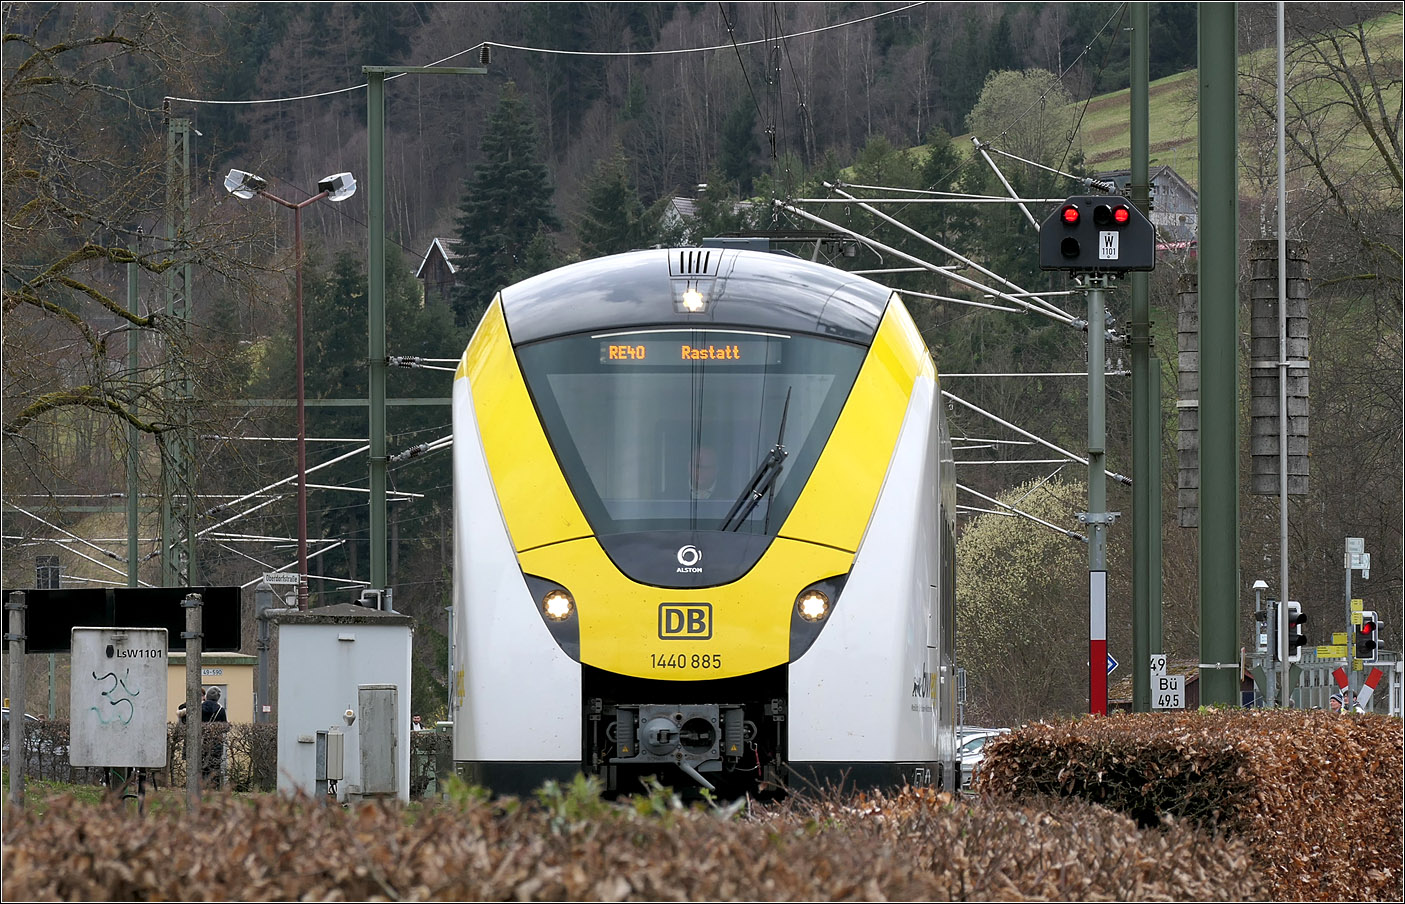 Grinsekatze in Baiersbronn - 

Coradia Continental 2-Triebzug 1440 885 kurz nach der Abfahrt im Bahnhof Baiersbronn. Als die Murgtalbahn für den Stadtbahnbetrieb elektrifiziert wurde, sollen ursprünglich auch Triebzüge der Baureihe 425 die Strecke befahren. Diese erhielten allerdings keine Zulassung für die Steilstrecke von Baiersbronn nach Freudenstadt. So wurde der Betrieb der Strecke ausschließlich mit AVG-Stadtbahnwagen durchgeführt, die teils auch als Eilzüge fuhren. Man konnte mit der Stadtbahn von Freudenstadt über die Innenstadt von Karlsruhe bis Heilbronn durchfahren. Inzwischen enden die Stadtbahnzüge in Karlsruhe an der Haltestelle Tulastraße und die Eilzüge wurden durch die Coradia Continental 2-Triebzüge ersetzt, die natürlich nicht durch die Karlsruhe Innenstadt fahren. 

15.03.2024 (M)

--

**REQUIRED ACTION**
Set down exactly what runs from the line containing "Coradia Continental 2-Triebzug" through the last line above, both lines included.

**EXERCISE ANSWER**
Coradia Continental 2-Triebzug 1440 885 kurz nach der Abfahrt im Bahnhof Baiersbronn. Als die Murgtalbahn für den Stadtbahnbetrieb elektrifiziert wurde, sollen ursprünglich auch Triebzüge der Baureihe 425 die Strecke befahren. Diese erhielten allerdings keine Zulassung für die Steilstrecke von Baiersbronn nach Freudenstadt. So wurde der Betrieb der Strecke ausschließlich mit AVG-Stadtbahnwagen durchgeführt, die teils auch als Eilzüge fuhren. Man konnte mit der Stadtbahn von Freudenstadt über die Innenstadt von Karlsruhe bis Heilbronn durchfahren. Inzwischen enden die Stadtbahnzüge in Karlsruhe an der Haltestelle Tulastraße und die Eilzüge wurden durch die Coradia Continental 2-Triebzüge ersetzt, die natürlich nicht durch die Karlsruhe Innenstadt fahren. 

15.03.2024 (M)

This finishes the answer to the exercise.